13 Shane's Terrace is a single-storey terrace house with attic, built of coursed hammer-dressed basalt rubble with red brick dressings. It dates to around the 1860s, built by the O'Neill family as part of a terrace of workers' cottages for the Shane's Castle estate. The house first appears on the Ordnance Survey map of 1903, with the site shown as empty on the 1858 map.

The roof is covered in Bangor blue slates in regular courses with dark-toned ridge tiles. There is one small original flush rooflight to the left and an original gabled dormer to the right. The dormer roof is slated to match, with timber barge boards of fretted pattern and slated cheeks. The front of the dormer contains a rectangular timber fixed light with a side-hung casement in plate glass, set in a timber frame with horizontal boarding to the gable above. A ridge chimney with red brick and projecting brick cornice sits at the right-hand extremity, common with the adjoining house, and has four pots. The eaves course is of projecting red brick. Cast iron guttering runs around, though no downpipes are present.

The main front elevation faces south-west. It contains one window to the right of the doorway, both set in red brick block surrounds with flat arches to the head. The window is a rectangular timber sliding sash, vertically hung, 1 over 1 with horns and exposed sash box, with a projecting unpainted sandstone cill. The doorway contains a modern rectangular timber 2-panel glazed door painted white with translucent glazing, set below a similarly glazed rectangular fanlight in a timber surround, with modern aluminium fittings.

The house has lost some of its original features. Historic photographs and a 1970 survey record that the windows originally had diagonal pattern quarry glazing and lattice paned sashes to both the front windows and fanlight, though these have since been replaced with plate glass.

The rear elevation comprises a single-storey rear wall to the right with a lower projecting rear return to the left, with the main roof swept down over it.
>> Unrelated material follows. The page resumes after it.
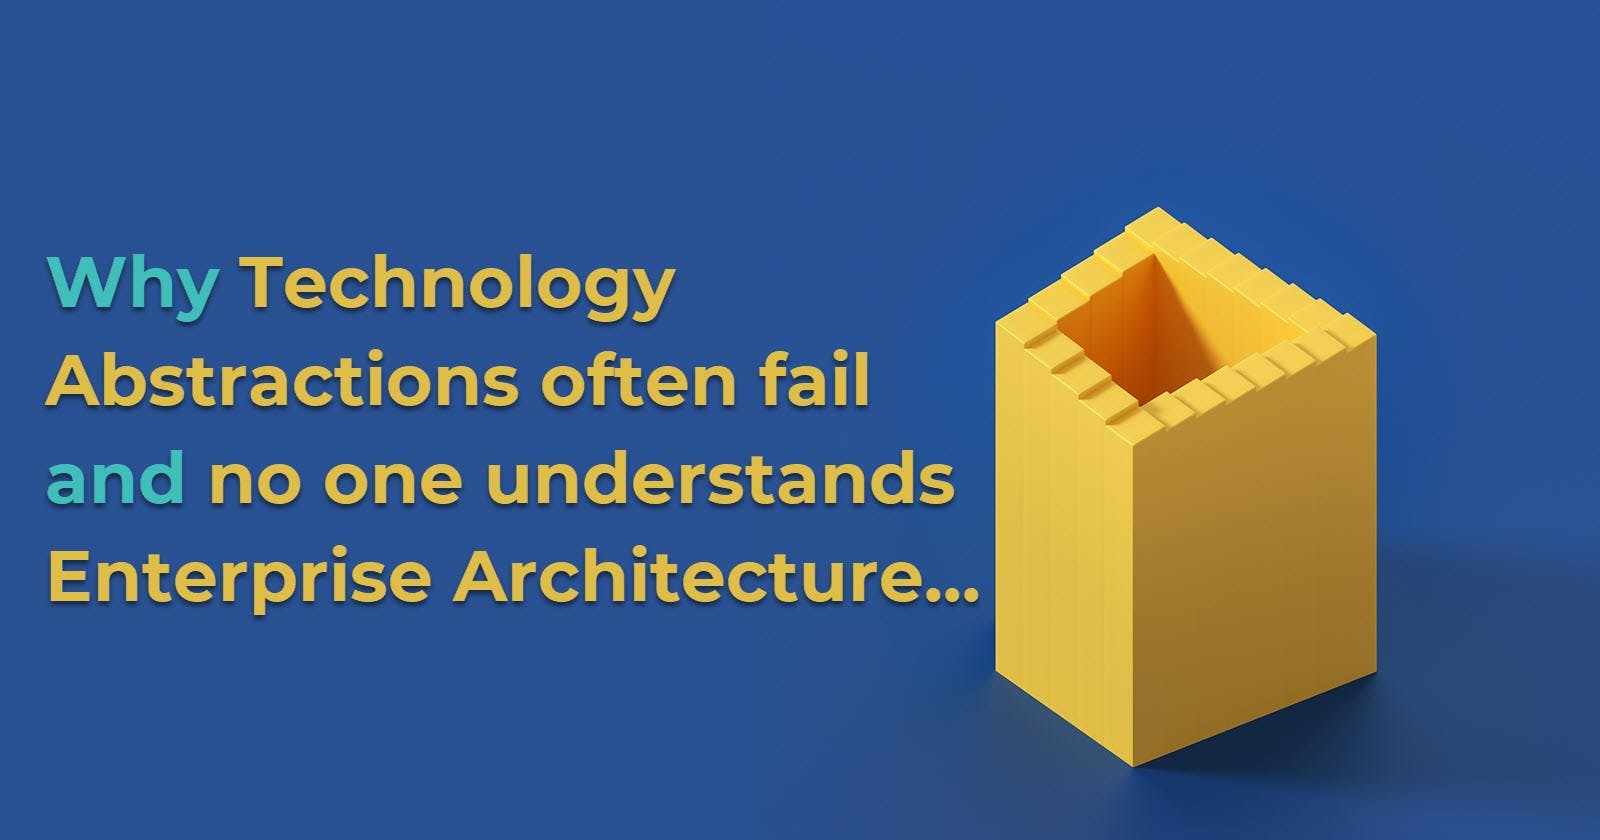 Why Technology Abstractions often fail...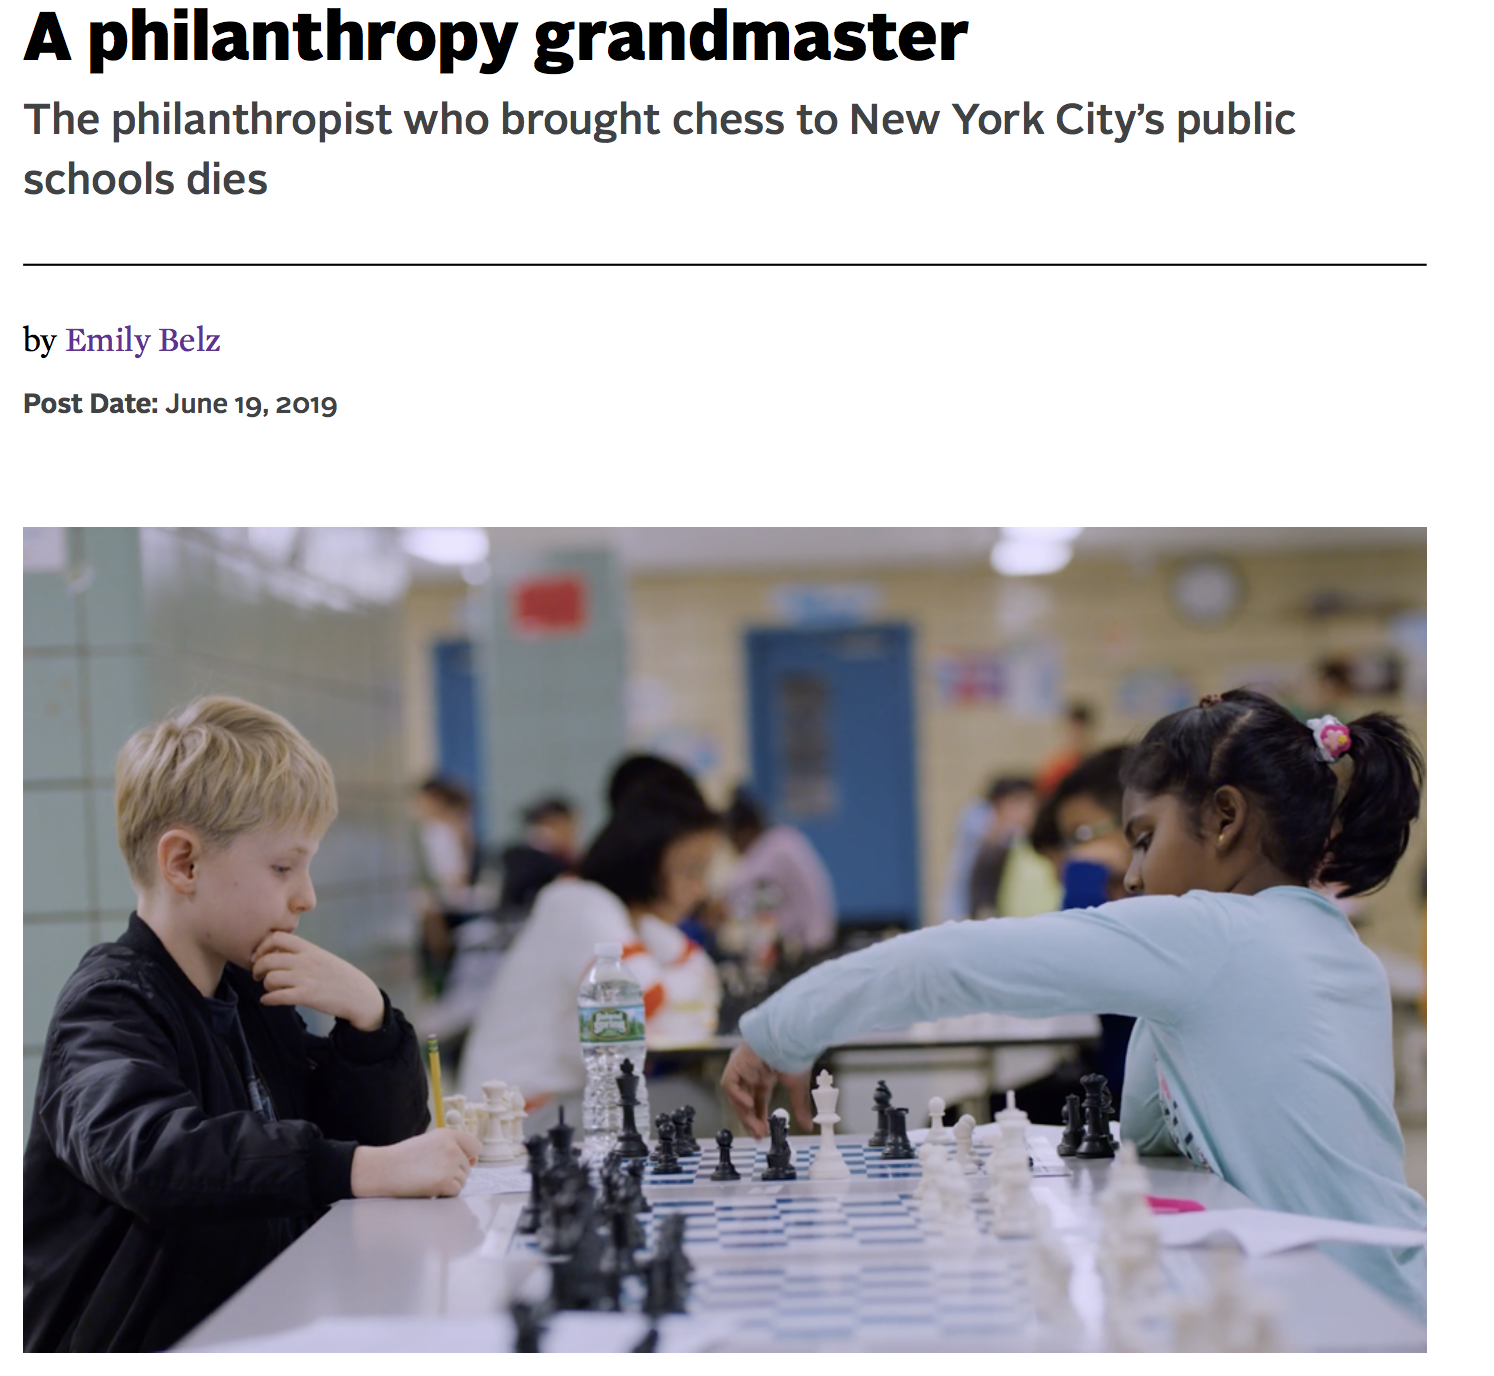 Image for A Philanthropy Grandmaster by Emily Belz

The rear wall and return walls are of roughly coursed basalt rubble with later, crudely executed repointing in places. Brickwork block dressings frame windows and doors, though the window in the return has been widened with basalt and brick used to the left-hand jamb. Cast iron gutters and downpipe serve the rear wall; the return has PVC soil and waste pipes. The rear window is a rectangular timber sliding sash, 1 over 1 with horns and exposed sash boxes, with painted cement rendered reveals and projecting painted sandstone cill. The doorway in the side of the return contains a modern rectangular flush timber door with translucent glazed panel. The window in the return is a modern rectangular timber fixed light with casement and thin projecting concrete cill with cement rendered reveals. A recessed concrete area lies between the rear wall and return. A television aerial is attached to the side wall of the return.

The house stands within a terrace of 14 houses facing the main road but set back with front gardens. The houses alternate in pairs with handed plans. The front garden is grassed with a concrete path to the front pedestrian gateway, which consists of a small modern iron gate set in square wooden posts. The garden is bounded by hedges. A gravelled communal driveway runs across the rear. Beyond the rear driveway is a line of basalt rubble outhouses and garages, some with rendered side walls. The detached garage for this house has Bangor blue slates, modern flush timber doors, timber fascia, modern metal flue pipe, and PVC rainwater goods.

Despite the loss of original glazing and some interior features, the house retains its distinctly proportioned mid-Victorian character and, together with the rest of the terrace, forms a group of definite character. It stands within the Randalstown Conservation Area.